The hog market, along with the futures market on hogs, has been on fire. October 2013 futures are at almost the same price as July 2014 hog futures! I can’t remember ever seeing this happen before.
We work with many clients across the United States, who have developed a disciplined margin management approach. Many producers started to lock in margins some time ago when there were acceptable margins, and they continue to increase their overall coverage as margins improve.
In looking at the forecast for the next 12 months, there are profits of close to $25 per head on average. Many producers started locking up profits when margins were at $15 a head. This has resulted in a lot of margin calls for many producers.

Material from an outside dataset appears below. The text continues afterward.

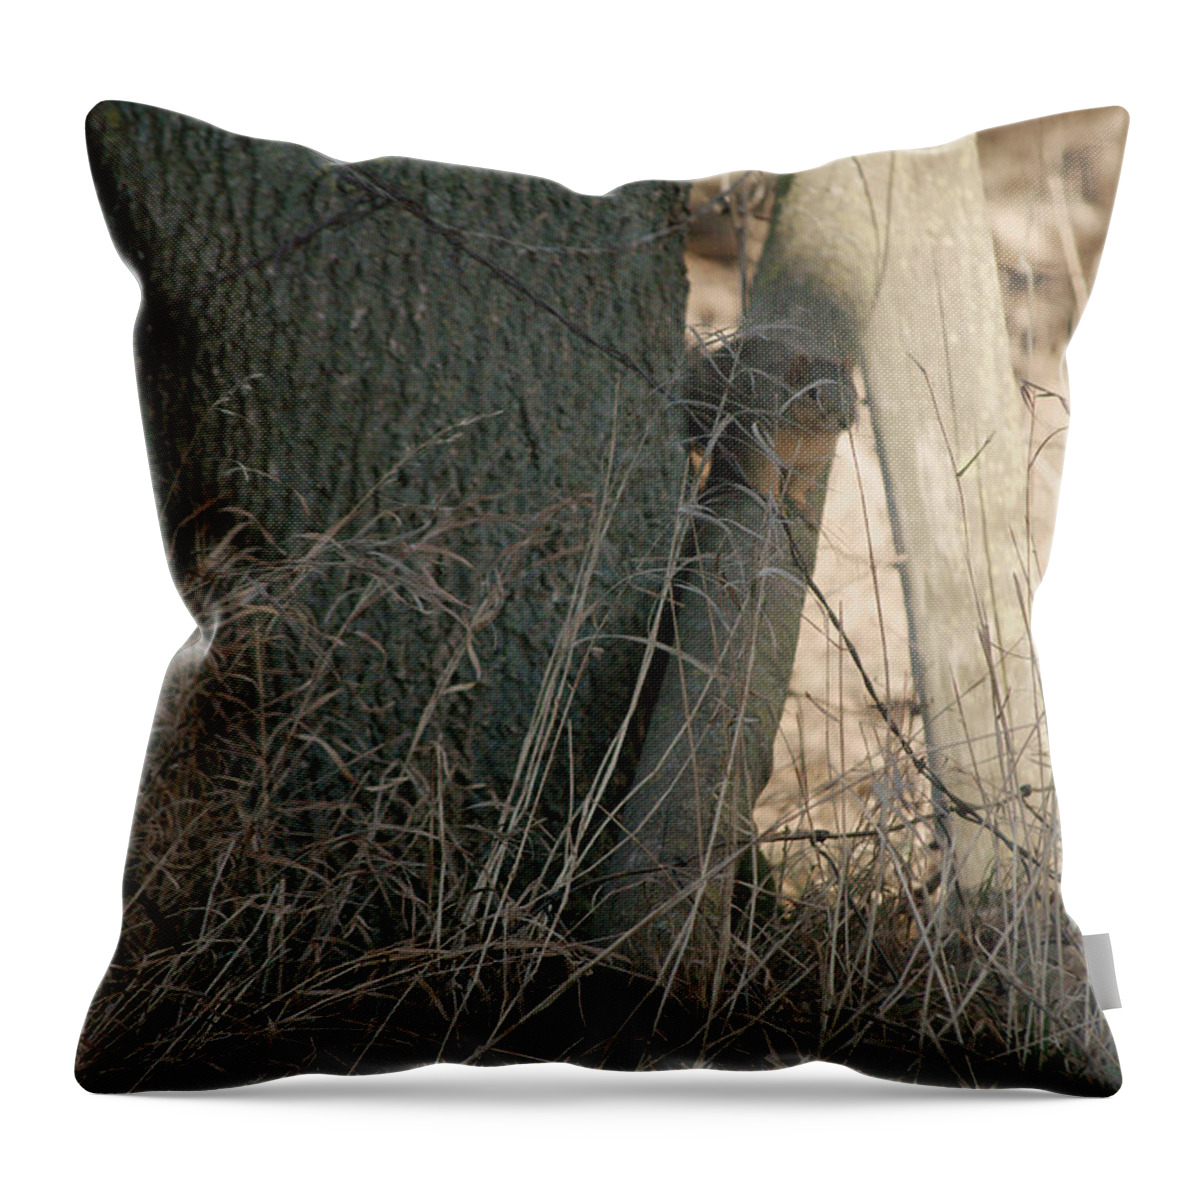 Squirrel Throw Pillow featuring the photograph I see you by Troy Stapek

I have received many calls from producers wondering if they should change or lift their positions. I tell them to stay the course, keep the positions and stay disciplined in this approach. I also use the chart below to illustrate my point. It shows data from a benchmarking study we conducted on our clients in 2012.
In that study last year, the average client made $8.84/ head compared to the Iowa State University (ISU) average of more than a $12/head loss. This calculates to a difference of more than $20/head! The biggest reason for this difference is the risk management practices used by our clients in 2012. From an operational perspective there were very little profits made in 2012.
We have also been very busy with increasing hedge lines needed to fund all of these margins calls. Again, the prudent thing to do—the bottom line—is to stay the course. You never go broke locking up a profit!
Review of 2013 and Forecast for 2014
We’ve had a good run of strong cash prices for quite some time. September’s $95 cash hogs are the highest prices that we’ve seen for this time period (See chart below). Domestic demand has been very strong and export demand has picked up recently.
In reviewing 2013, most producers will be at breakeven, at best, or a slight profit. In the first six months of this year, the average client in our portfolio lost between $5-6/head. The ISU model was at -$21.76/head. The last six months of the year will help, but when market-to-market losses due to hedge losses and a stronger cash market are factored in, most producers will still record a loss for 2013.
It appears that 2014 will be a different story. In our opinion, profits will be more than $15/head. Strong cash prices—but substantially lower feed costs—will help pork industry economics in 2014. Overall feed costs appear to be more than $25/head less than a year ago. Nothing is ever guaranteed in our business. But it looks like lower feed costs are on the horizon.